VAR_GLOBAL PERSISTENT
CNT : FB_Hash(enDb:=FALSE);
END_VAR
// Each station would have its _sid defined automatically base on instance path.
CNT.inc(_sid); // Equivalent to CNT.inc('MAIN.station1');
CNT.inc('MAIN.station1.tool1'); //CNT.inc(CONCAT(instancePath, '.tool1'));
CNT.inc('MAIN.station1.tool2');
CNT.inc('MAIN.station1.tool3');
See Instance Path blog for more information on
_sid
.
And on the HMI have a button linked to the reset method.
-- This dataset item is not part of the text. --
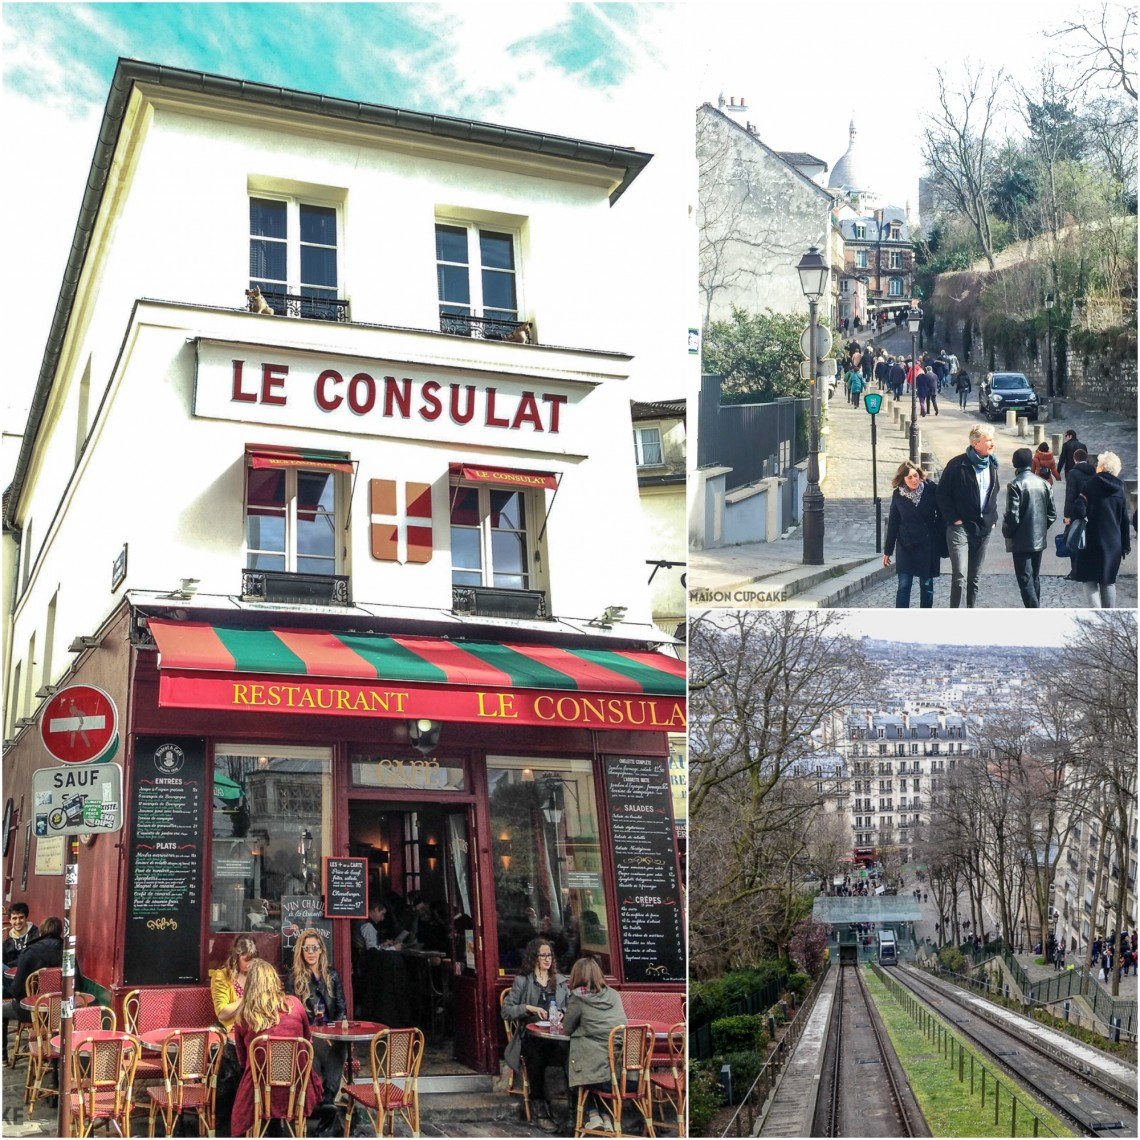 Walking through Montmartre Paris

If you have a database connection, it will also automatically push it up.
CNT.reset('MAIN.station1.tool3')
Quick Sort
As a bonus this FB also implements a quick sort to be used in conjunction with the dataSorted
array. This array is used for display purposes on the HMI. Since the hashing algorithm used does not place data in sequential order, there needs to be a way to condense it down to a sequential array for presenting on the HMI. The sort
method does exactly that.
Conclusion
And here I was happy to have found a default implementation of a Hash Table inside a Beckhoff library. It was too good to be true. For simple non persistent use cases the default Hash Table is likely sufficient - I even use it elsewhere.
This custom FB_Hash is just a lot nicer and easier to use and works if made persistent. I call it beautiful counting.